Mit der Schule haben wir natürlich Probleme gehabt. Jede Woche hat man die Schule gewechselt. Da
hat man gerade Freundschaft geschlossen und dann geht es schon wieder weiter, in die nächste
Stadt und zur nächsten Schule. Das hat einen schon ein bisschen verletzt. Man lernt, damit
umzugehen – und trotzdem: im Herzen war es dann doch immer traurig.
Umso mehr sind wir Familienmensch. Wir stehen zusammen, wir leben zusammen und wir sterben
auch zusammen, glaube ich. Deswegen haben uns auch die Lieder von Heintje immer begleitet.
"Wenn ich einst groß bin, wird dein Leben schön"; das spiegelt alles wider, was wir fühlen: Wenn ich
groß bin und du älter wirst, bin ich für dich da. Weil du warst ja für mich da. Jahrelang.
Andreas Sperlich, 36 Jahre, Schauspieler
Wie lieblich sind deine Wohnungen
Ich singe schon länger in einem Chor mit. Oratorien oder Passionen. Als ich neu in diesen Chor kam,
hatten wir gerade mit dem Brahms-Requiem angefangen. „Wie lieblich sind deine Wohnungen, Herr
Zebaoth“, wenn man das zusammen singt, vierstimmig, klingt das wunderschön.
Nach einem der Konzerte kam eine Frau zu mir, die war aus dem Sopran, und meinte: „Ich finde es ja
toll ,dass du hier im Chor mitsingst, obwohl du so einen Hintergrund hast“ und ich war ein bisschen
perplex und wusste nicht, was ich antworten sollte. Ich verstehe, dass das vielleicht komisch wirkt.
Aber da ich ja hier aufgewachsen bin, halte ich selbst das nicht für komisch.
Ich kann nicht sagen, dass meine Heimat in der Türkei ist, weil ich dort nie gelebt habe. Aber auch
nicht, dass meine Heimat „Deutschland“ ist, weil es zu groß ist
Meine Heimat ist, glaube ich, Dortelweil.
Merih Öznur Turgut, 18 Jahre, Schülerin
Wir pflügen und wir streuen
Bei uns hat’s ja noch nicht viele Autos gegeben. Steul, Jehners, Chaussehaus - das waren die Leute.
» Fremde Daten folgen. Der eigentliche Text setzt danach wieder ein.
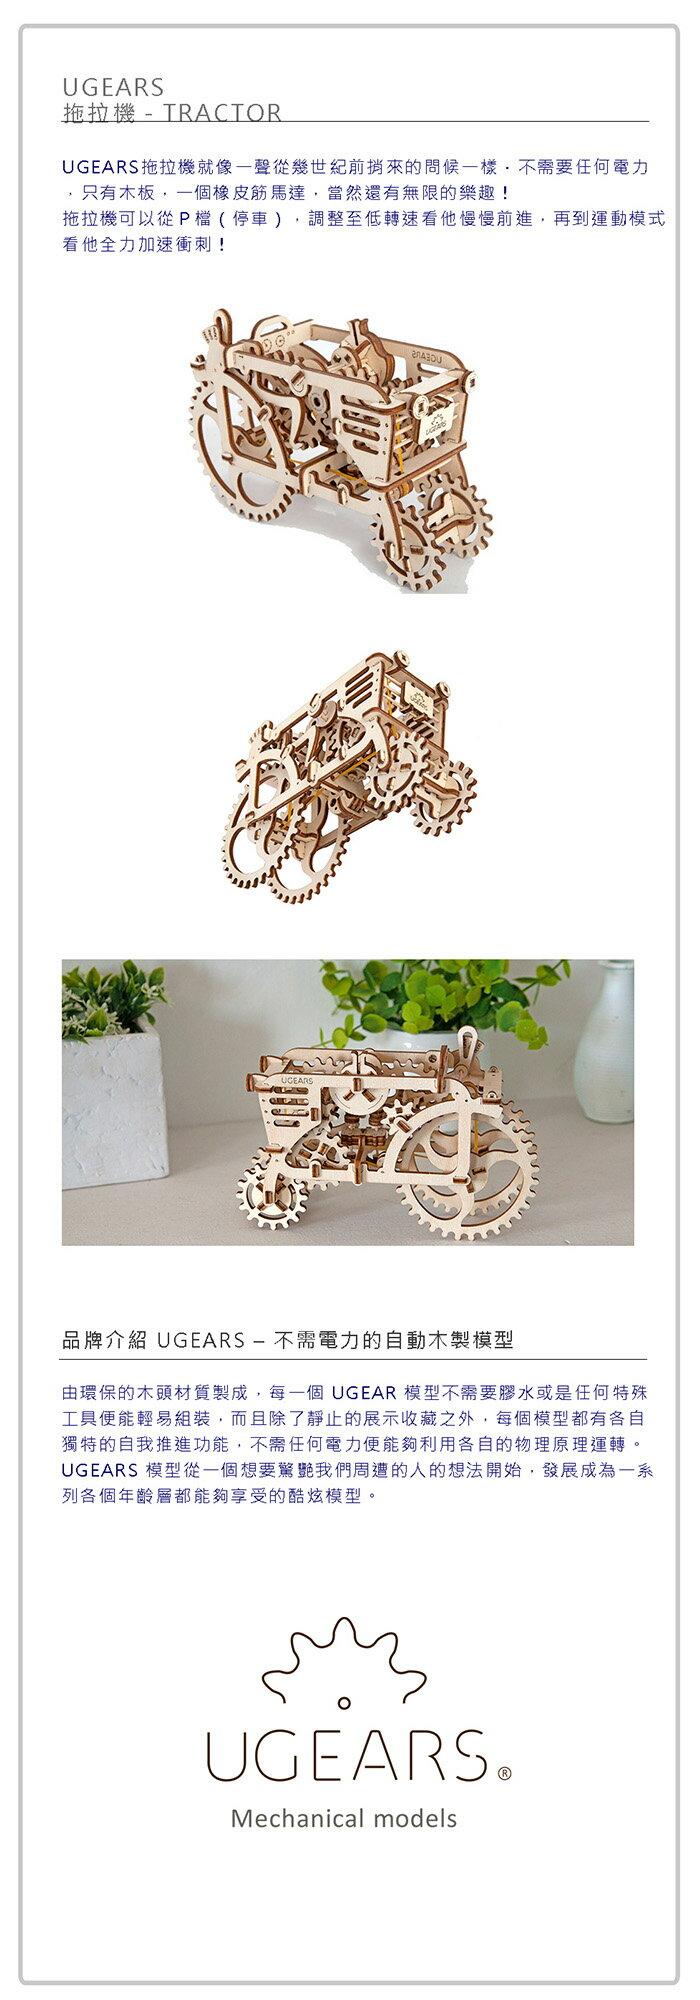 Ugears 自我推進模型 (Tractor 拖拉機) 1

Vier, fünf Autos. Die meisten hatten noch Pferdegespanne, Ochsengespanne, Schlepper nur
vereinzelt.
21 Betriebe gab es. Heute sind’s noch fünf. Wenn die Betriebe nicht mehr lebensfähig waren, haben
sie aufgegeben. Das ist der Zahn der Zeit. Ob das jetzt ein Lebensmittelhändler ist, oder ein Bäcker
oder Metzger, die müssen auch weichen. Wachsen oder weichen.
Die Leute waren bodenständiger, waren auch religiöser. Das kann man wirklich sagen. „Wir pflügen
und wir streuen“, das hatte eine große Bedeutung. Immer wurde das gesungen, an Erntedank. Immer!
Und um den Altar rum, was da alles zusammengetragen wurde an Gemüse und Feldfrüchten und
Äpfeln und Birnen, Gartenfrüchte, selbst Mehl und so weiter. Da hatte der Pfarrer nur so einen kleinen
Gang, nur so eine kleine Standfläche. Rundherum war alles voll.
Durch die moderne Zeit wird das verdrängt. Überall. Aber das Bodenständige, wenn das in der
Kindheit so reinwächst, das bleibt in Leben lang erhalten. Das haftet.